Electrolytic lesions of the anteroventral (AV) nucleus of the thalamus impaired significantly retention performance of rabbits in a discriminative avoidance task. In addition the lesions abolished the excitatory, discriminative neuronal discharges which had developed in the cingulate cortex during the course of behavioral acquisition, prior to the induction of the lesions. These results are discussed in relation to a model of cingulate cortical and anterior thalamic functioning, derived from past studies. Two additional studies are presented, which had the objective of determining whether the neuronal encoding processes previously observed in the cingulate cortex and in the AV nucleus occur as well in other linked cortical and thalamic systems (the prefrontal cortex and mediodorsal nucleus of thalamus, and the auditory cortex and medial geniculate nucleus of thalamus).

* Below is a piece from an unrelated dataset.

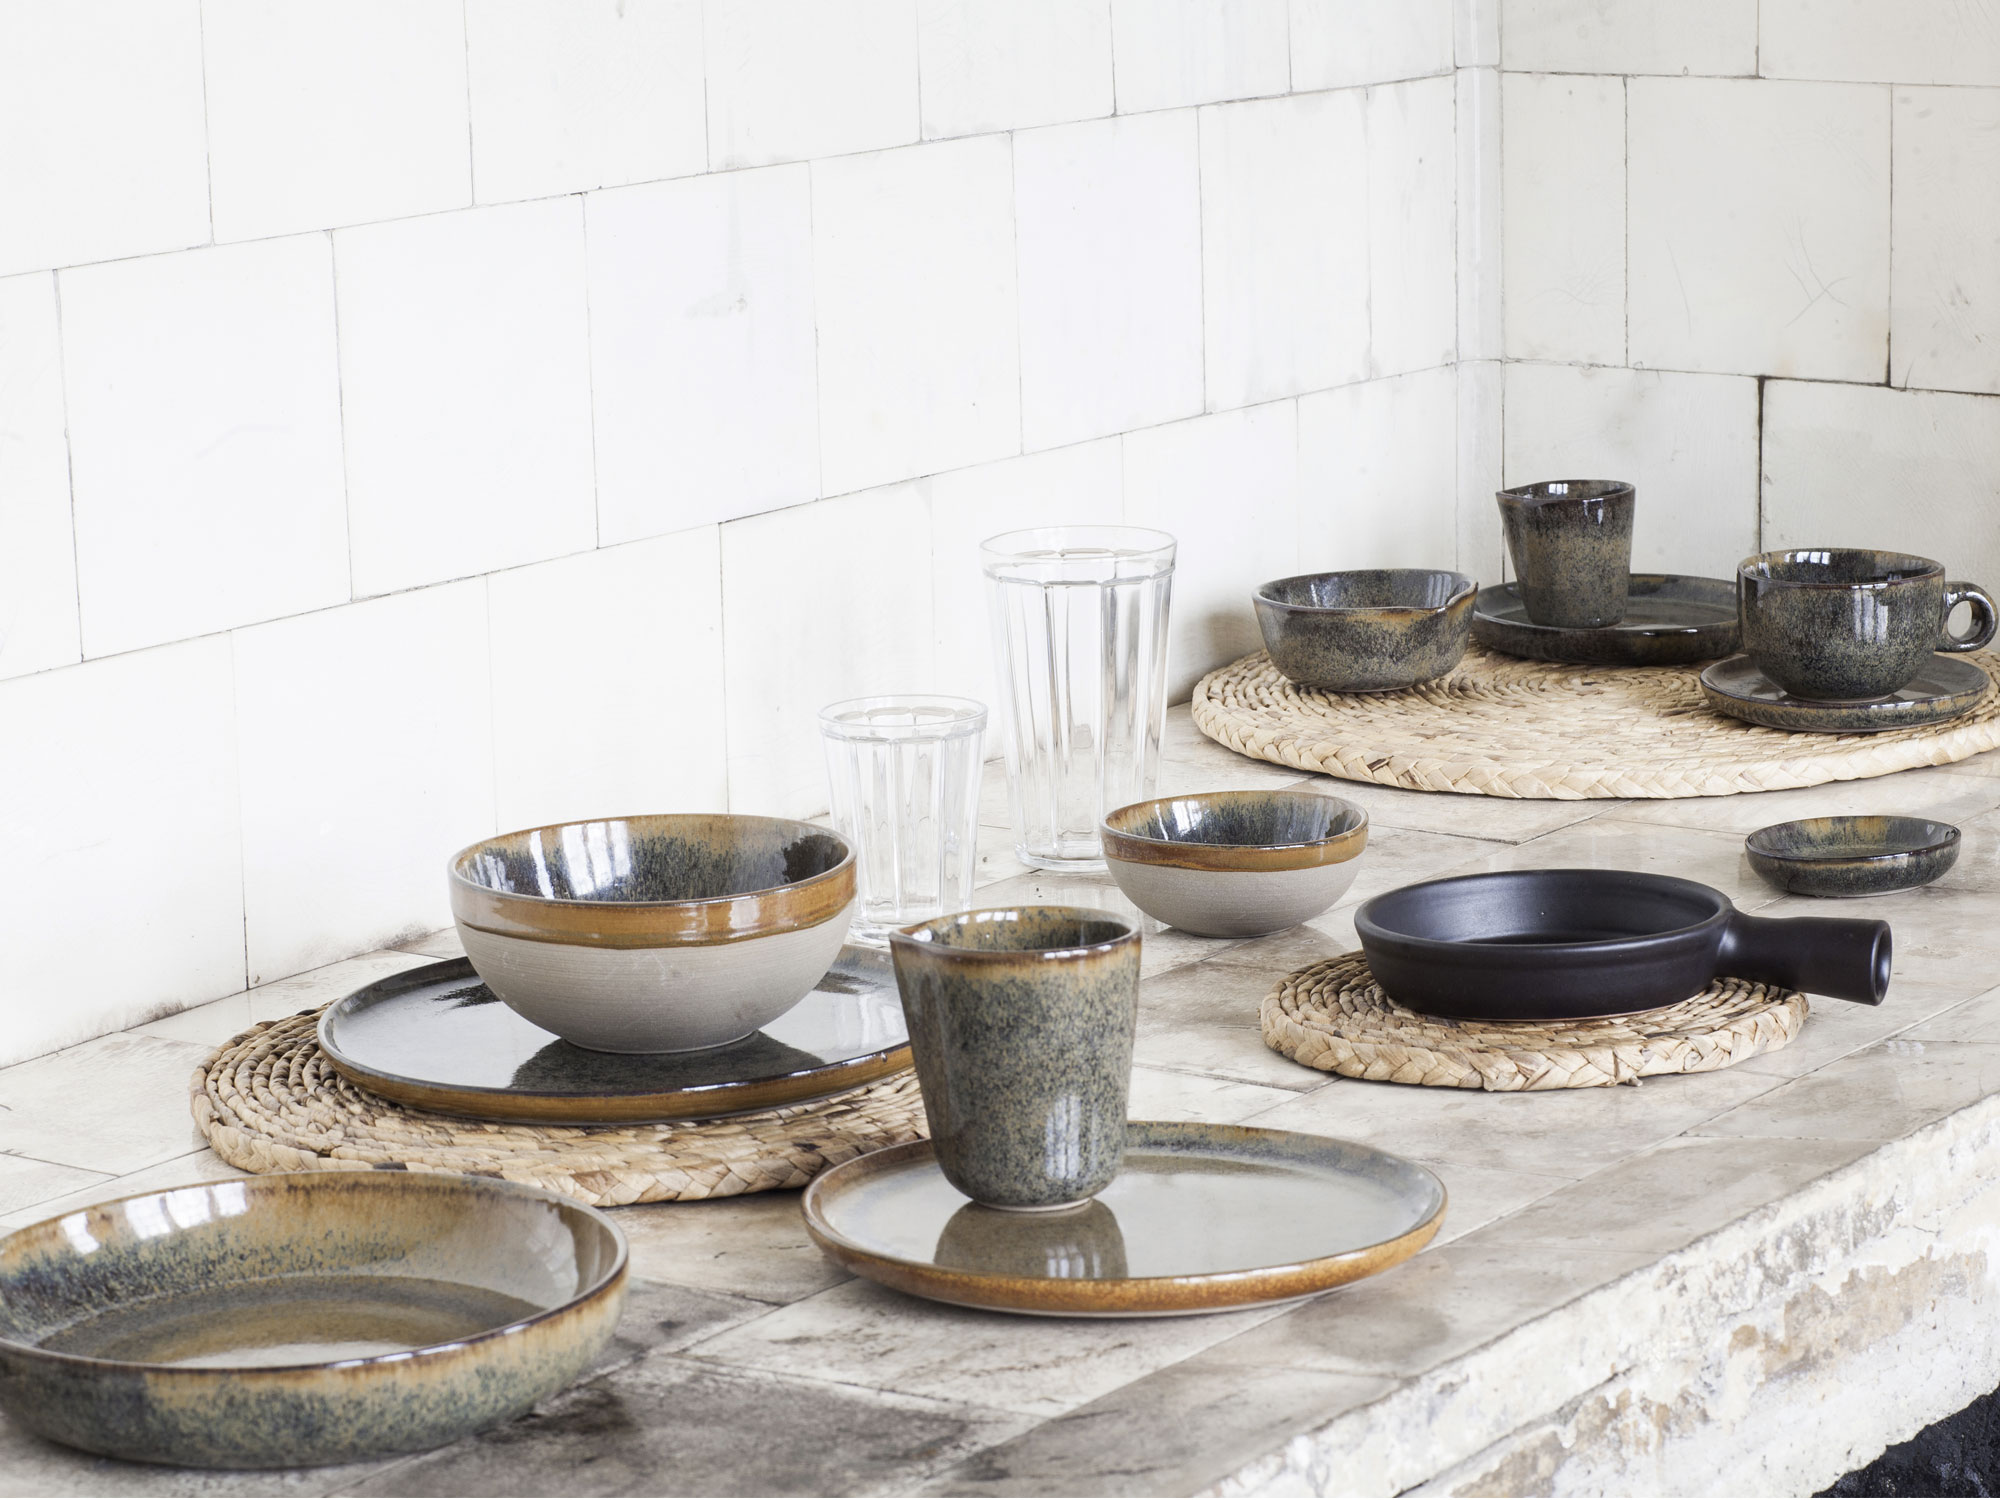 sergio herman en serax lanceren de tafelcollectie surface. Black Bedroom Furniture Sets. Home Design Ideas

The overall pattern of results suggested a sequential involvement of these major brain systems in associative processes during the course of behavioral acquisition. Certain components of the systems studied (e.g., the ventral division of the medial geniculate nucleus and the medial division of the mediodorsal nucleus) did not manifest neuronal encoding processes related to the discriminative task.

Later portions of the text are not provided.